Your systems have to read their input from file and also write all output to a file. So, if your system is called mysystem, the input file is myinput and the file for the output is myoutput, the command for running your system should be:

mysystem myinput myoutput

We will use scripts for performing our tests and therefore need all systems to strictly follow all requirements given above and below!

While, in theory, it is still possible to solve this problem by simply enumerating the 40320 possible assignments of tasks to machines, scheduling problems are often solved by using a so-called __branch-and-bound__ method.
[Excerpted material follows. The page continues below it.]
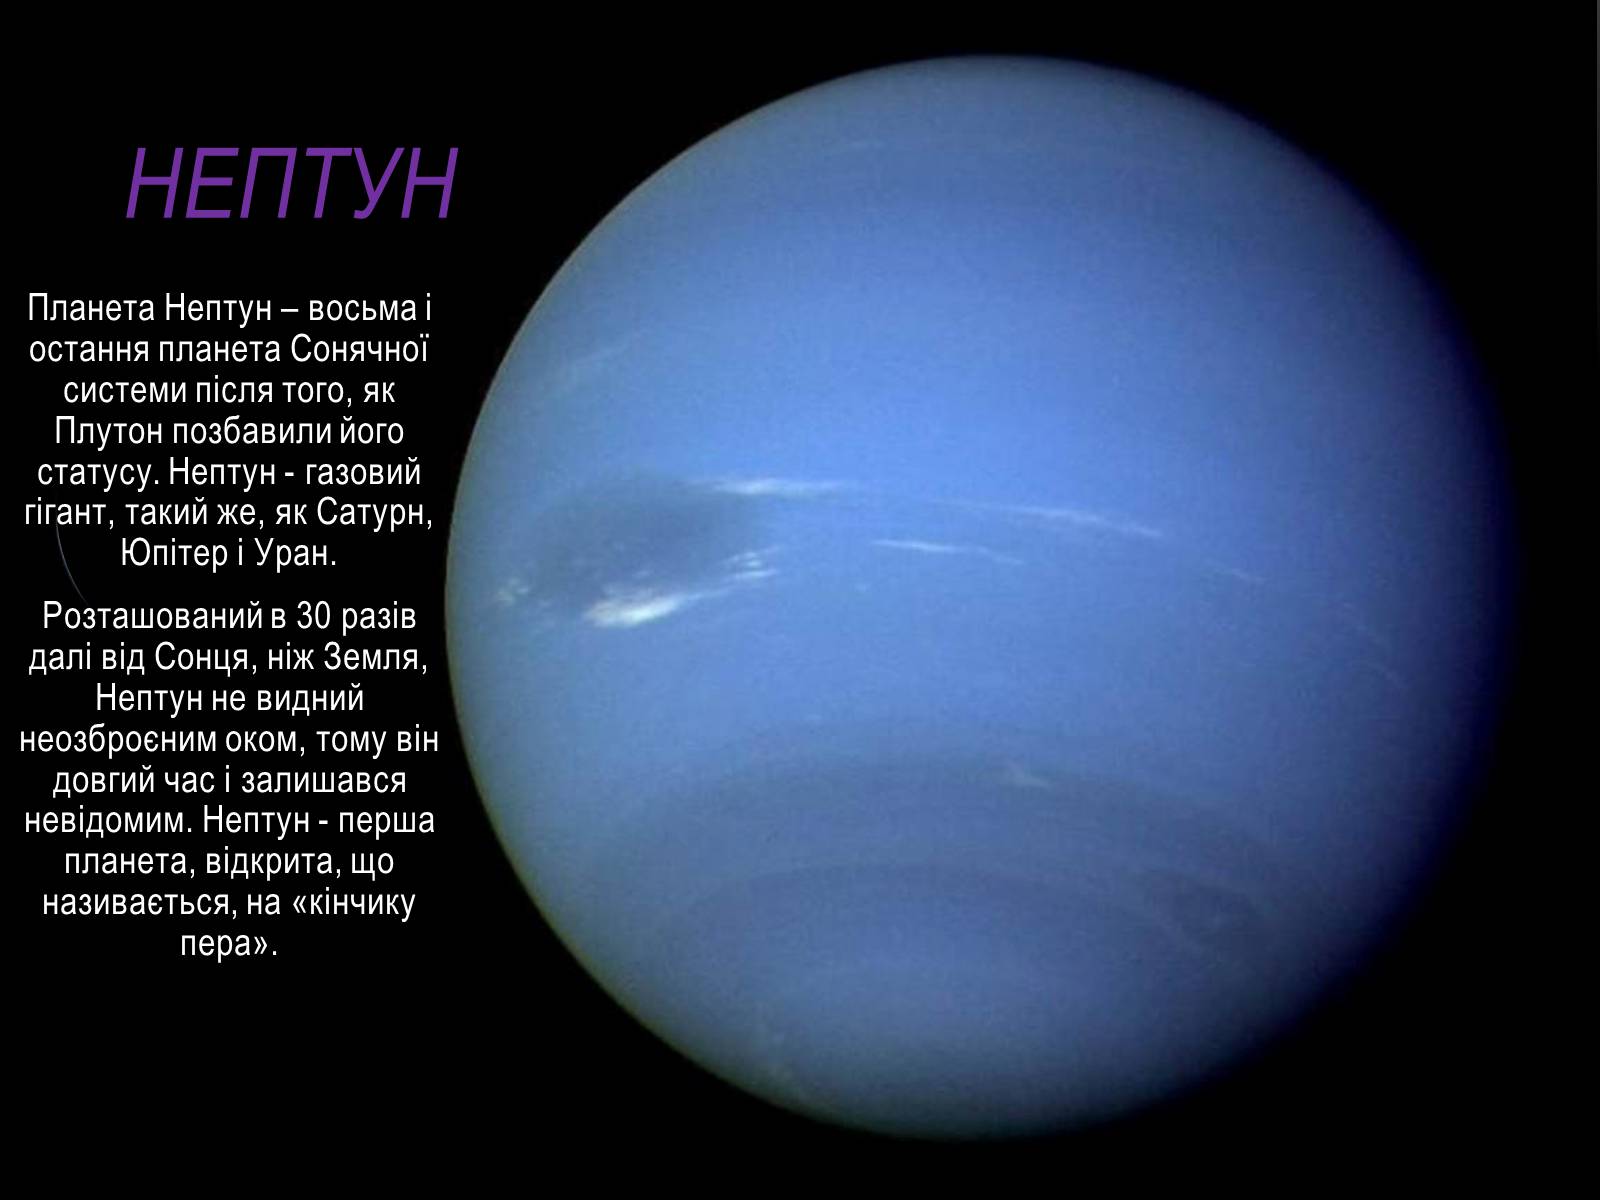 Нептун свет. Нептун Планета описание для детей. Нептун Планета солнечной системы строение. Проект про планету Нептун. Нептун описание для детей.

Regardless of the solution method, if there are no problems in the input file/problem instance specification, your system should output

“No valid solution possible!”

if there is no solution that fulfills the given hard constraints or

“Solution” *task*_{1} *task*_{2} *task*_{3} *task*_{4} *task*_{5} *task*_{6} *task*_{7} *task*_{8}“; Quality:” *qual*

where *task*_{i} in {A,B,C,D,E,F,G,H}, *task*_{i} is the task assigned to machine i in the best assignment, i.e. the assignment with minimal overall penalty value and *qual* is this overall penalty value of the assignment.

If there are several assignments with the same minimal overall penalty value, any of these assignments will be an acceptable output.